If we use the assert methods then the failure message can include more useful information, especially about the objects being compared. The second reason to use assert methods is that assert statements are disabled (not executed) when Python is run with the -O or -OO command line arguments (optimized mode). assert statements can be used to verify conditions in your code; runtime design by contract.

setUp and tearDown

I'm sure you noticed that in the earlier examples all the test methods had some code in common. They both instantiated MyClass and closed the instance when the test completed. This not only violates DRY (Don't Repeat Yourself) but is tedious and error prone (bad things may happen if you forget to close the instance). Those of you used to testing frameworks in other languages will not be surprised to hear that unittest has methods called setUp and tearDown to deal with these situations.

If your test cases define a setUp method it will be called before every test. If there is an exception raised in the setUp then the appropriate error or failure will be recorded and the test method will not be run.

setUp is particularly useful for functional / integration tests where setting up fixtures means establishing a lot of state. In the case of our earlier tests we can rewrite using setUp:

import unittest

from mymodule import MyClass

class MyTest(unittest.TestCase):

    def setUp(self):
        unittest.TestCase.setUp(self)

        self.myclass = MyClass()


    def testTrue(self):
        try:
            result = self.myclass.method()

            self.asssertTrue(result)
        finally:
            myclass.close()

    ...

In setUp here MyClass is instantiated and stored as an instance variable on the TestCase instance. The test can access the instance created by setUp instead of having to create it itself.

The setUp method in TestCase does nothing (at least in the current versions of unittest) so strictly speaking it isn't necessary to call up to the parent class. When you inherit from a custom TestCase you will need to call up to the parent method so it is a good habit to get into.

setUp has a corresponding method that is called after the test has run, tearDown. Like setUp, if an exception is raised in tearDown then the appropriate error or failure will be recorded for the test. Currently our tests still have to close the MyClass instance after use, we can use tearDown to fix this:

import unittest

from mymodule import MyClass

class MyTest(unittest.TestCase):

    def setUp(self):
        unittest.TestCase.setUp(self)

        self.myclass = MyClass()

    def tearDown(self):
        unittest.TestCase.tearDown(self)

        self.myclass.close()


    def testTrue(self):
        result = self.myclass.method()
        self.asssertTrue(result)

    ...

See how using tearDown also simplifies our test. As tearDown is executed even if the test fails or an error occurs we no longer need to use a try: ... finally: to ensure the MyClass instance is closed.

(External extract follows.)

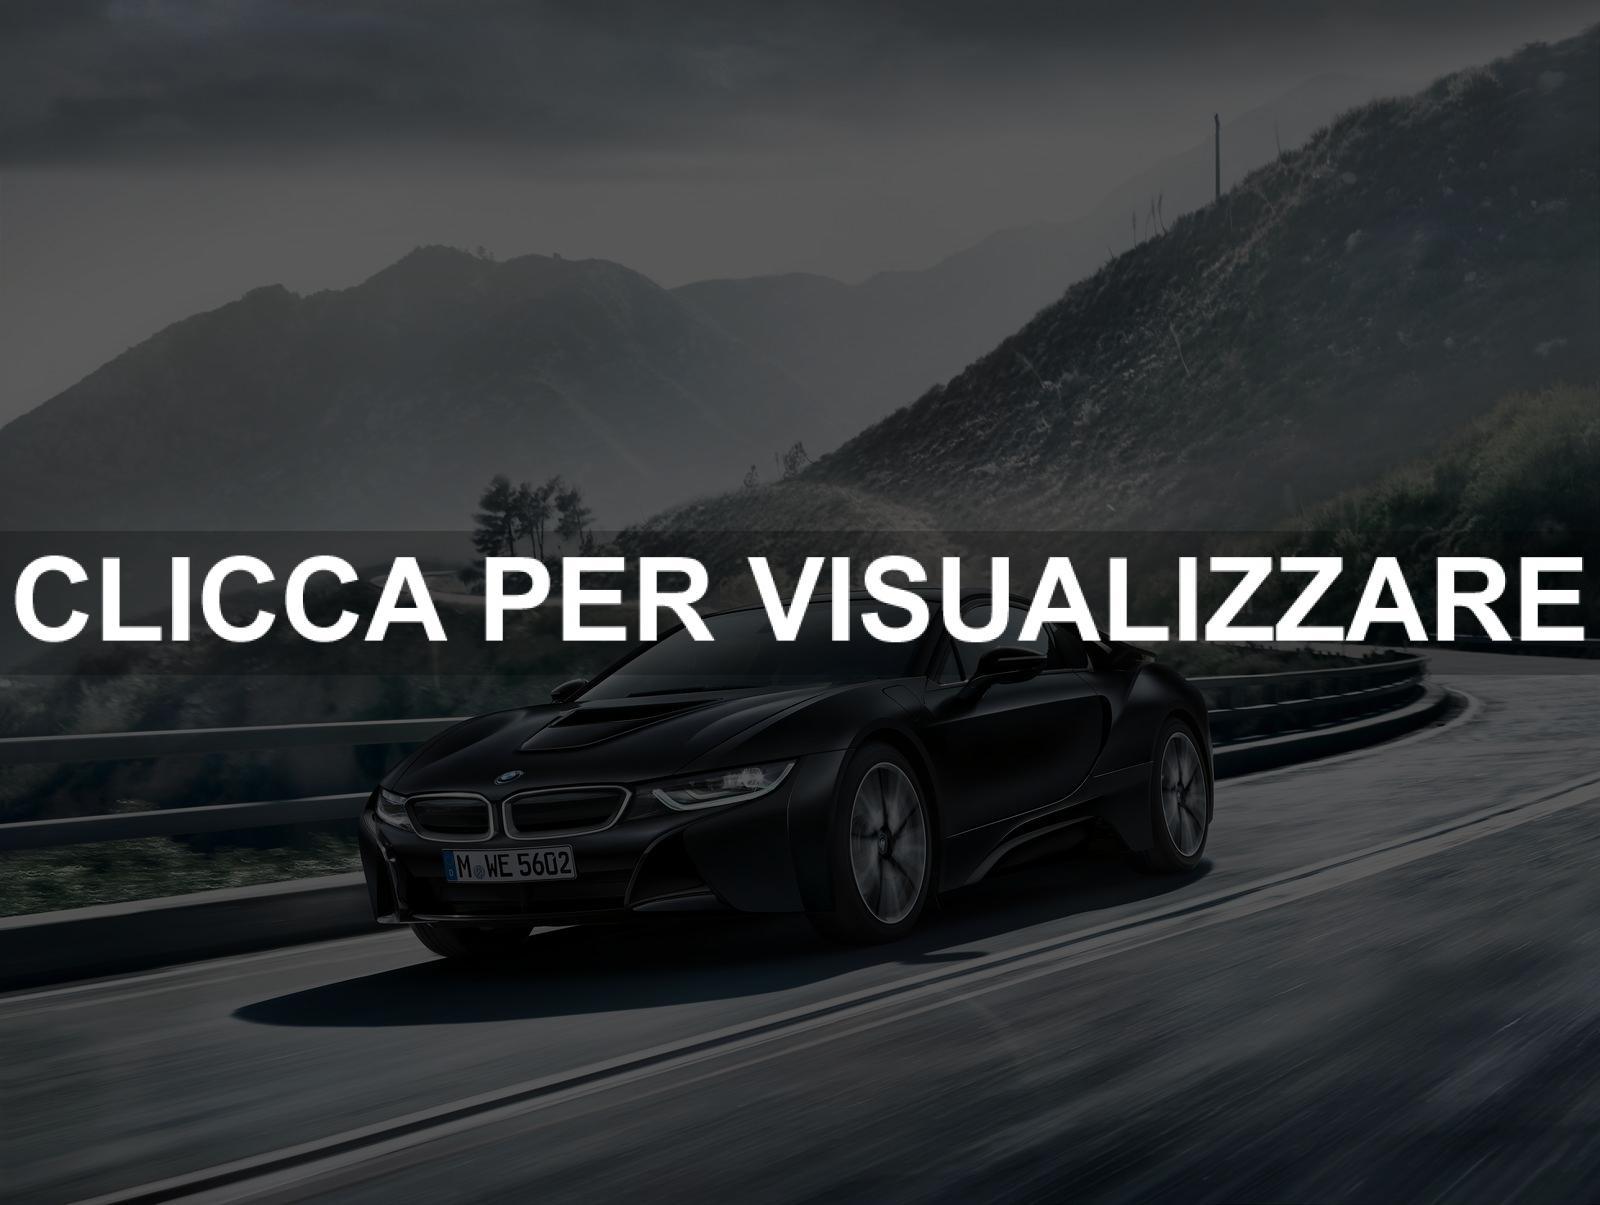 Nuova ibrida BMW i8 Frozen Black 2017

We've now covered the major points of working with unittest itself, let's look at some general Python testing techniques.

Duck typing and mock objects

One of the reasons that Python is so much easier to test than statically typed languages is that because of the wonders of duck typing we can substitute any object at runtime for another object that supports the same operations. This means we can swap out production classes with mock objects that record how they are used.

Let's look at how we might test this code in Python:

class MyClass(object):
    def __init__(self):
        self.data = None

    def readData(self, source):
        self.data = source.read()
        source.close()

MyClass has a readData method that takes a data source, reads from it and then closes it. A real data source may be expensive (slow) to create, and in any case we want to test MyClass in isolation.

We can create a mock data source that has the methods MyClass uses. Our tests can use the mock data source so that we can check MyClass uses it as it should. This is especially useful when using a real data source may be slow or uses an external resource like a database:

class MockDataSource(object):
    def __init__(self):
        self.readFrom = False
        self.closed = False

    def read(self):
        self.readFrom = True
        return 'some data'

    def close(self):
        self.closed = True

The read method of our mock data source returns some known data when called. It also records that it has been read from, by setting readFrom to True, and when close has been called.

Using the MockDataSource to test MyClass:

import unittest

from mymodule import MyClass

def TestMyClass(unittest.TestCase):

    def testConstructor(self):
        "Test the default state"
        myclass = MyClass()

        self.assertEqual(myclass.data, None)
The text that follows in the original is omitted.